12 June 2011

Trapped in a Cave

In my previous posts, I’ve concentrated on the personal side of the writing journey, dealing with the writer versus the paper or blank computer screen. Much of the journey will definitely travel a path with these factors at the front of your goals and ambitions. For some, this could come as a wonderful, escapist trap.
If this is the lone reason you write, my next few posts won’t make much difference for you. However, if you aspire to more than just a scribbler, if you’d like to be published, you’ll need to break away from the writing space.

Let me come at this from a different angle.

Your day should consist of more than get up, eat, go to writing space, breaks for sustenance and disposal, then return to bed. The writing will suffer with a lack of stimulation. Not to mention, with the lack of personal contact, you’ll start going a little insane.

I see the tic starting in those eyes already.

How can you not remain trapped in your own mind?

A lot of writing deals with the "What If" type thought process. It becomes increasingly difficult to create those scenarios if you have no basis for them. Step away from the writing space, stretch your mind and body, and experience LIFE! Walk though the park, drive to the local mall and people watch, find a local museum. Heck, even hang out at the library. I’m not suggesting that you need to spend oh my god amounts of money. But you do need to see the world in order to offer the insights that your writing will grow from and be made believable.

Another thing I’d encourage a writer to do is READ. I understand the fear of writing like the author that you’re reading. Imitation is okay when you first get started on a draft. The more you write, the more you develop your own style, your own "voice" as the experts call it. It’s possible to write in your own voice even as you read others.

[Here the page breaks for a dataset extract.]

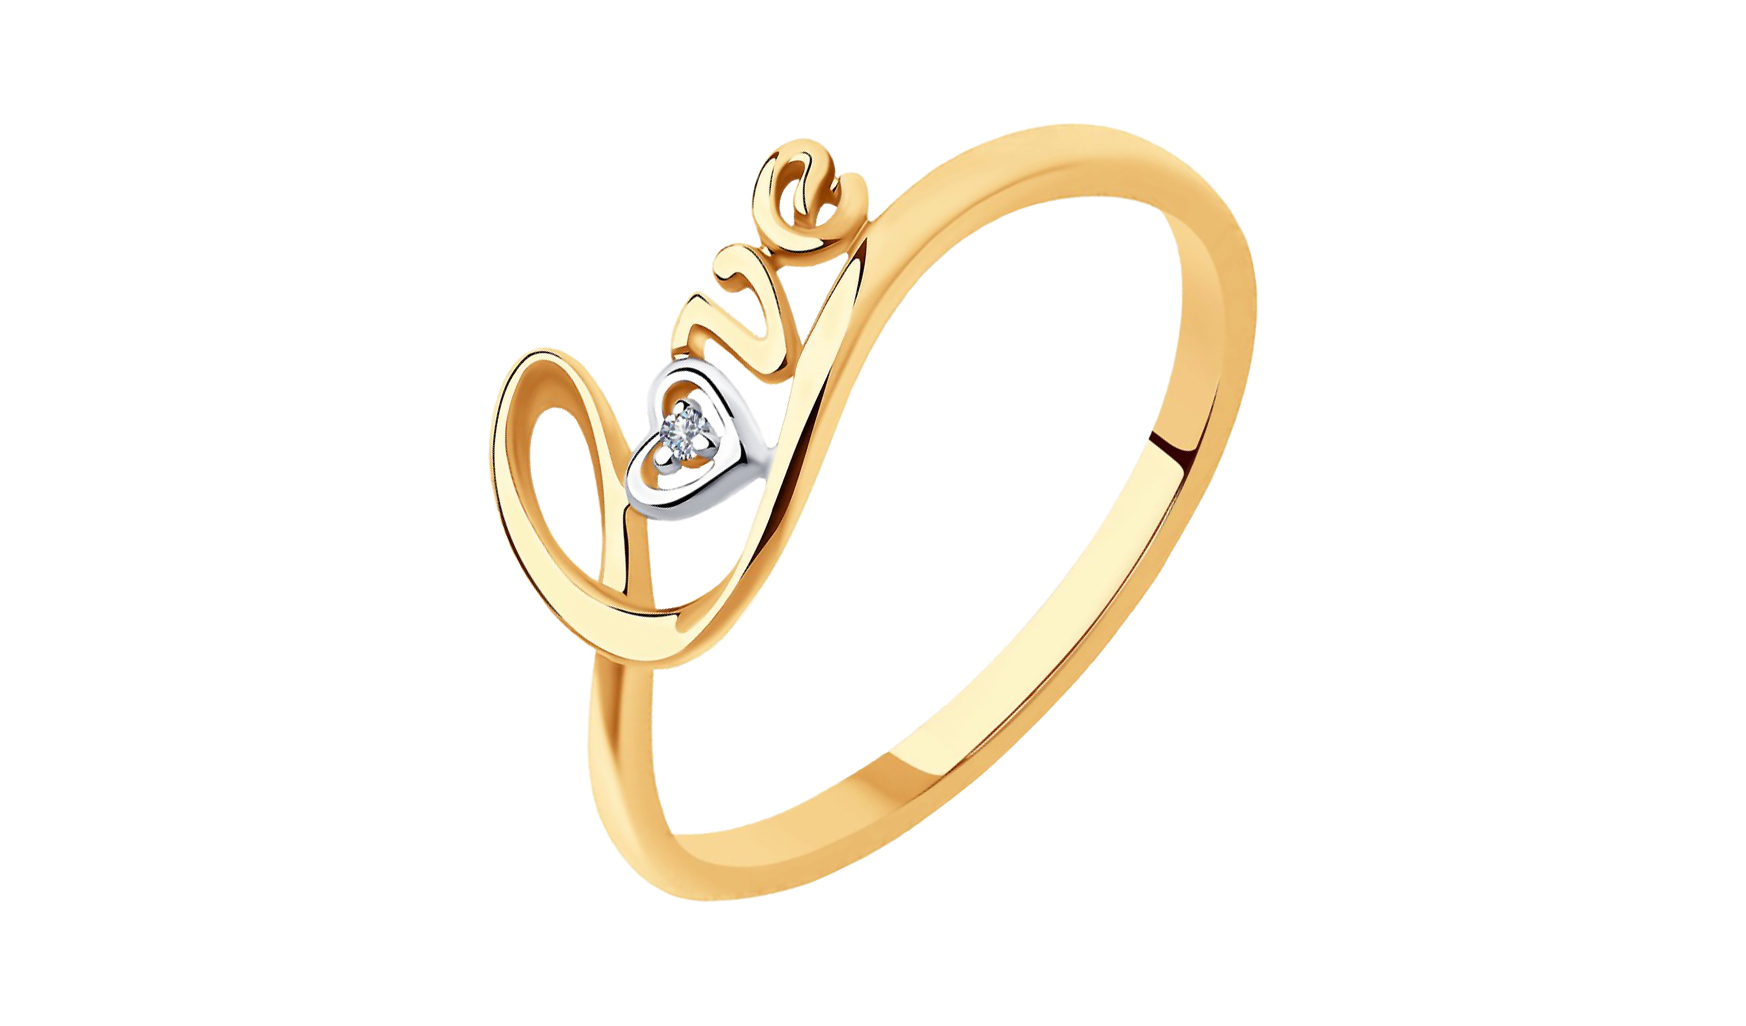 Золотое кольцо SOKOLOV 1011736 С бриллиантом. Золотое кольцо SOKOLOV 1011512 С бриллиантом. Золотое кольцо фото вид спереди на белом фоне. Act of Love SOKOLOV. Качество золота соколов

As a different way to look at it, how can you claim to have written a literary masterpiece if you haven’t read anything to compare it to?

For those of us who hate crowds, me being one, I know this is a difficult task to accomplish. But I can also offer a different tact that will get human contact. Find a local writing group. They can be small groups that gather to share wisdom of the writing journey, as well as helping each other find errors that one might miss in their own editing passes.

There are those out there that state what I’m writing here are just clichés of the writing world and to ignore everything I’ve offered.

Even the anarchist will sound like a cliché after a while.

Consider I only offer my opinion on all these posts. My opinion comes from research and personal experience. Mine is but one person’s journey along this crazy planet. Others will experience different issues, different life-changing events. That’s not to say any offered view is wrong. It’s what makes we humans unique.

1 comment:

  1. I struggle with breaking out of the cave all the time. Definitely, I've had periods where my writing became stagnant, and those were often periods of isolation. Going outside and doing something real-- feeling the breeze on your skin, smelling the roses-- is a good way to experience something new.